Meet The Local Queens: Ana Macho

Drag has always been an integral part of the queer community. Drag performers, notably alongside transgender individuals, lead liberation movements and their efforts paved the way for the LGBT community as it is today. As we continue to progress, drag continues to offer queer people a platform to express themselves and their individual visions of what it means to be part of a community so resilient. With the popularity of RuPaul’s Drag Race, it seems that drag is at a new cultural peak; nonetheless, every drag performer—old or new—always brings something unique to the table along with them.

Ana Macho is no stranger to crowds among the community—especially those from the millennial generation. With her quick wit and fierce (with a touch of comedy) lip-sync skills, Ana Macho has been rising in fame since she debuted to the tune of Fifth Harmony’s “Work from Home” in 2016 and shows no signs of stopping anytime soon.

Photographed by Elvis Oliveras

Bryan Castro, the person behind Ana Macho, became interested in drag at an early age. “When I was in middle school, I randomly found Alaska Thunderfuck’s Meet The Queens video for season five of RuPaul’s Drag Race,” he says when asked about how he got into drag. “She was so raw and funny, yet still glamorous. That was when I realized that drag could be a vehicle for my weird and queer imagination. My brain hasn’t stopped thinking about drag ever since.”
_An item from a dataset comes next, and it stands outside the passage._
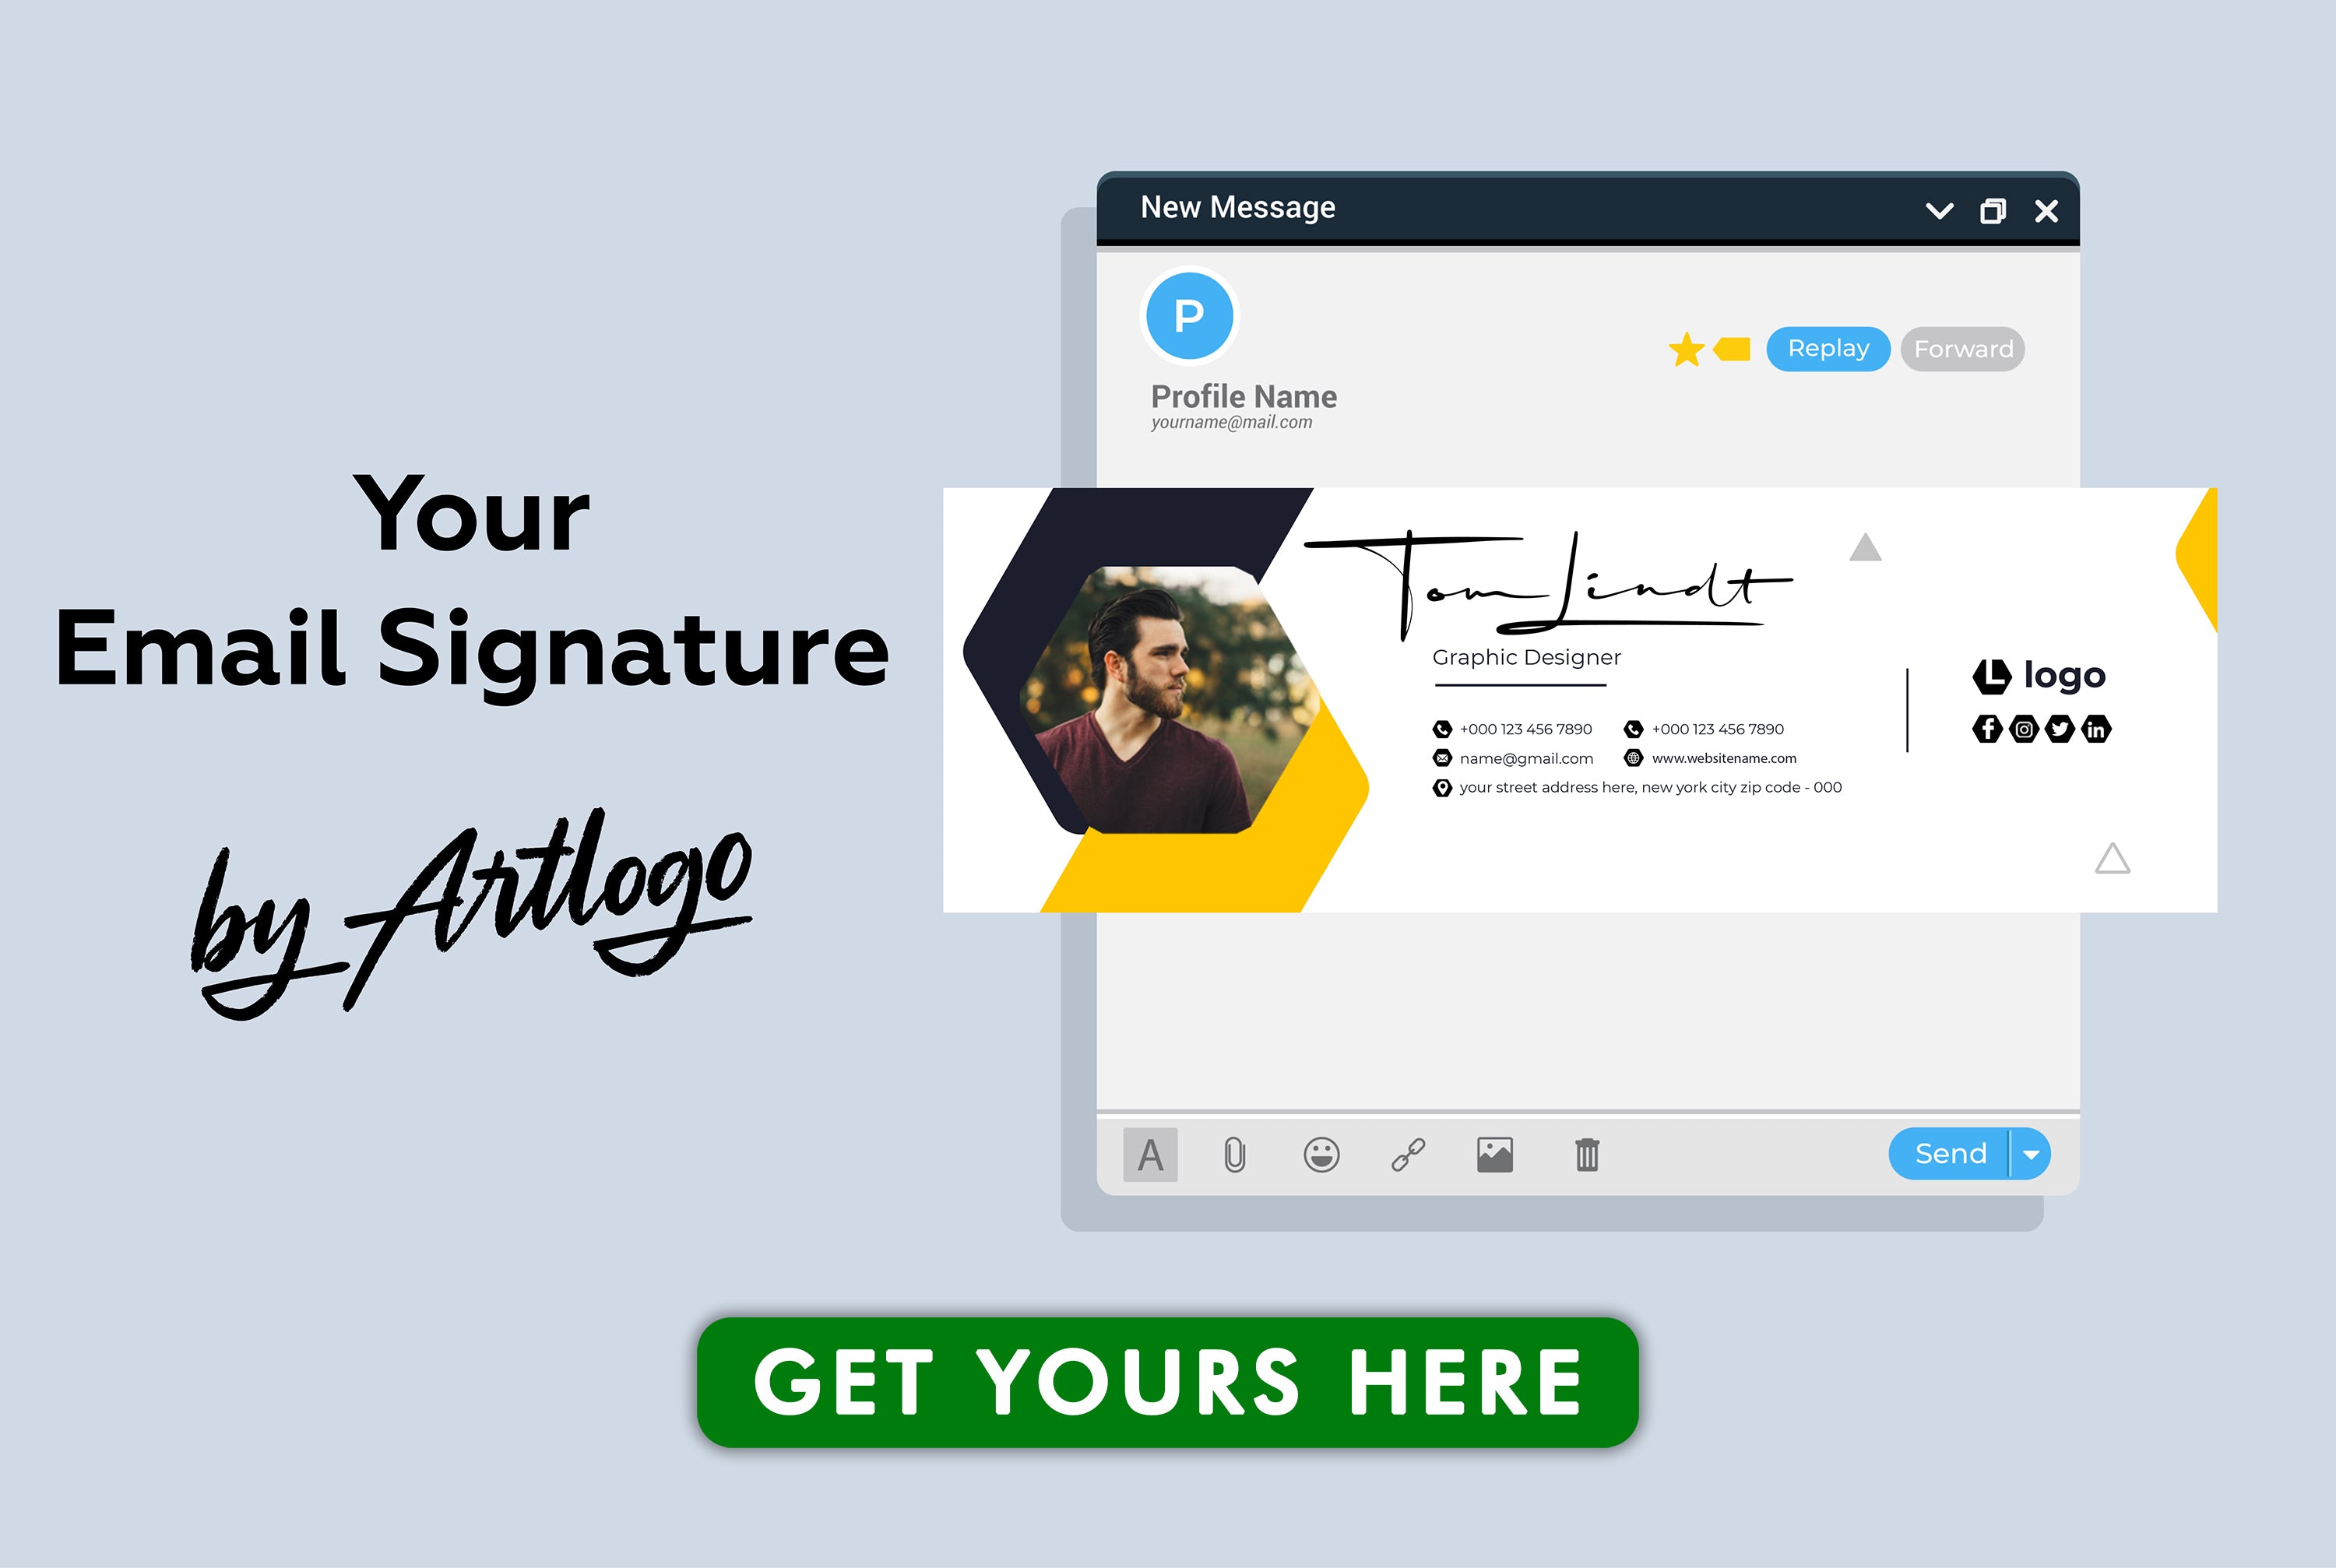 Apprenez à créer une signature d'e-mail professionnelle qui reflète votre professionnalisme et laisse une impression durable. Pour en savoir plus, cliquez ici !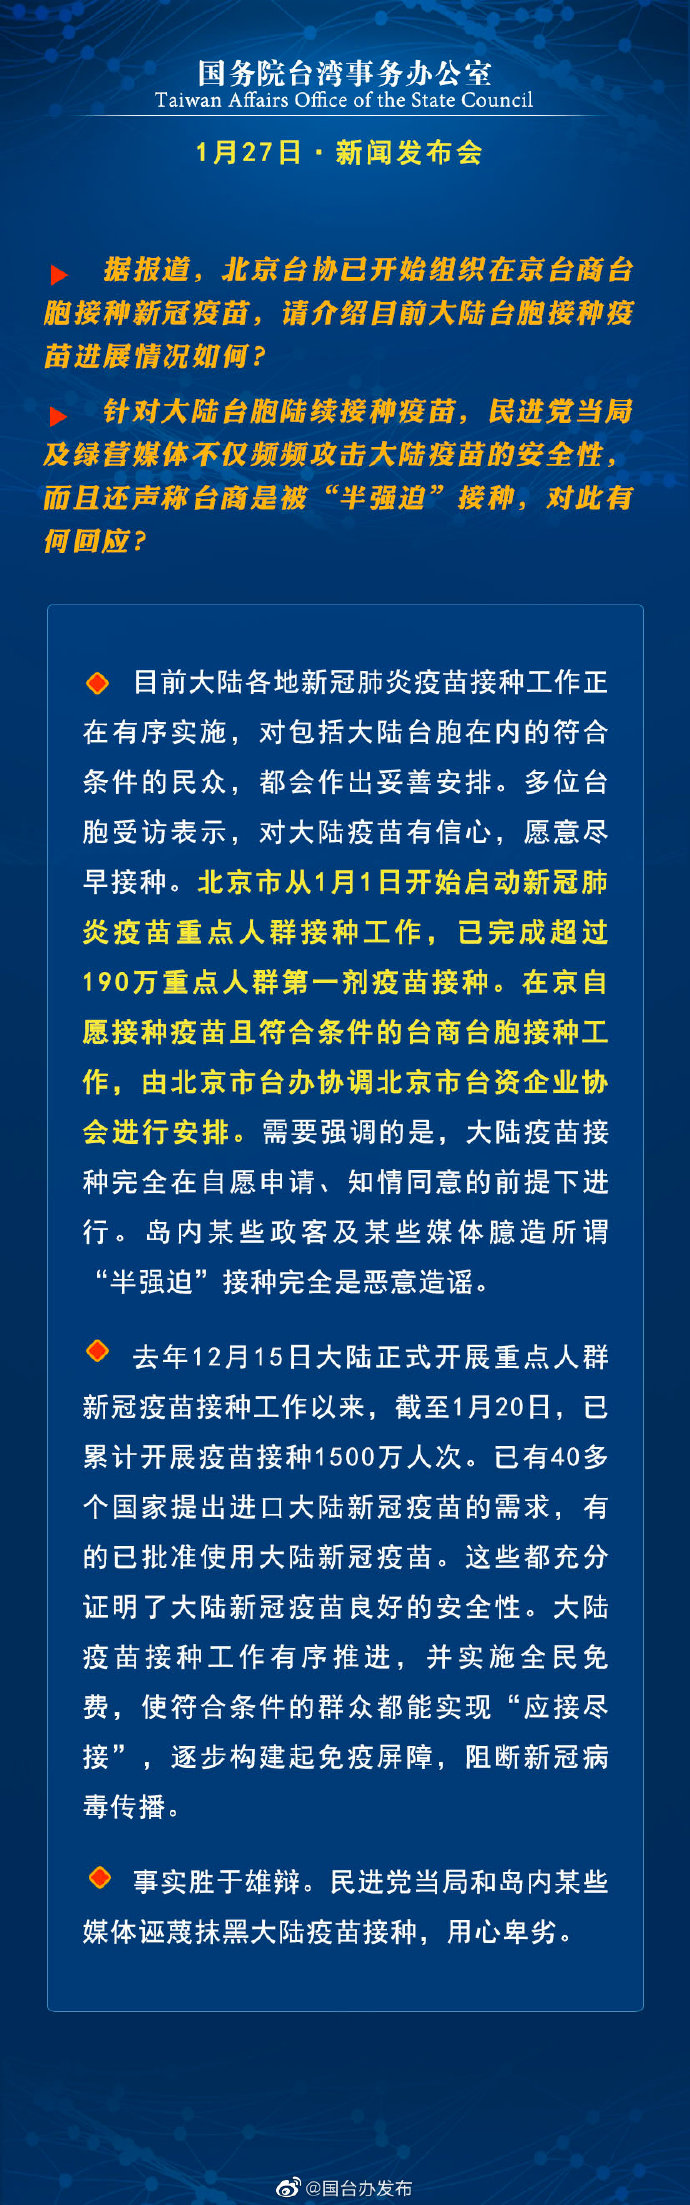 国务院台湾事务办公室1月13日·新闻发布会_fororder_a5

To Puerto Ricans, the name Ana Macho instantly provokes a reaction. “It comes from Puerto Rican problematic legend, Ana Cacho.” Castro explains. Ana Cacho rose to notoriety in 2010 after being the central suspect for her 8-year-old son Lorenzo’s murder. The suspicion against Cacho was mostly fueled by then-media giant, La Comay, a program that basically turned a murder investigation into a celebrity buzz story. “I loved the thought of making people uncomfortable just by the name, and also the idea of a girly name like Ana being followed by such a hypermasculine word like Macho.”

Ana Macho’s drag has gone through its fair share of evolution since her debut in 2016. “When I started doing drag, I had no idea what I was doing.” Castro recalls. “I looked a busted mess.” For the first year, Ana Macho was a bald queen and leaned towards androgyny more than creating a female illusion. “Slowly, I started gravitating to drag that felt more authentic to me and the evolution of my character has felt very organic.” Now, Ana Macho has a life of her own, something for which Castro is very proud. “She is literally the glamorous space witch I always wanted to be.”

Photographed by Elvis Oliveras

Drag has its ups and downs, something Castro is very aware of. “In drag, nothing is given. You really have to earn your place,” he says. “It has taken me a lot of bad gigs and long nights to get to a place where I feel like I’m respected as an artist. It’s been a tough climb, but it’s been worth it.” He later adds: “And it’s only the beginning!”

“I feel like there’s a drag renaissance in Puerto Rico,” Castro reflects when asked about the current state of drag performers in the island. “The old bastion of classic pageant drag is just not relevant anymore. The drag scene is definitely becoming way more inclusive, and it’s not afraid of breaking rules.”

Ana Macho performing in DragaWest, an event organized by her that brought Rio Piedras drag to the west side of the island. The event was hosted at Taller Libertá, a performance art theater in Mayaguez.

Aside from her comedy, people who come to Ana Macho’s shows are always treated to a spectacular lip-sync. “I’m obsessed with Holding Out For A Hero [song by Bonnie Taylor],” Castro exclaims stating his favorite song to perform. “I did it as a closing number for a show I did in UPRM, and I had a blast. Every time I do that song, I have the greatest time. It’s just so electric.” Oh, and, yes, he loves Shrek.

With only three years in the game, Ana Macho has already cemented herself as one of Puerto Rico’s hottest drag queens in the scene. As his craft continues to grow, Castro already has sights on what he wants for his drag in the future. “I want a stand-up comedy special on Netflix,” he says, alluding to a strong focus in comedic entertainment.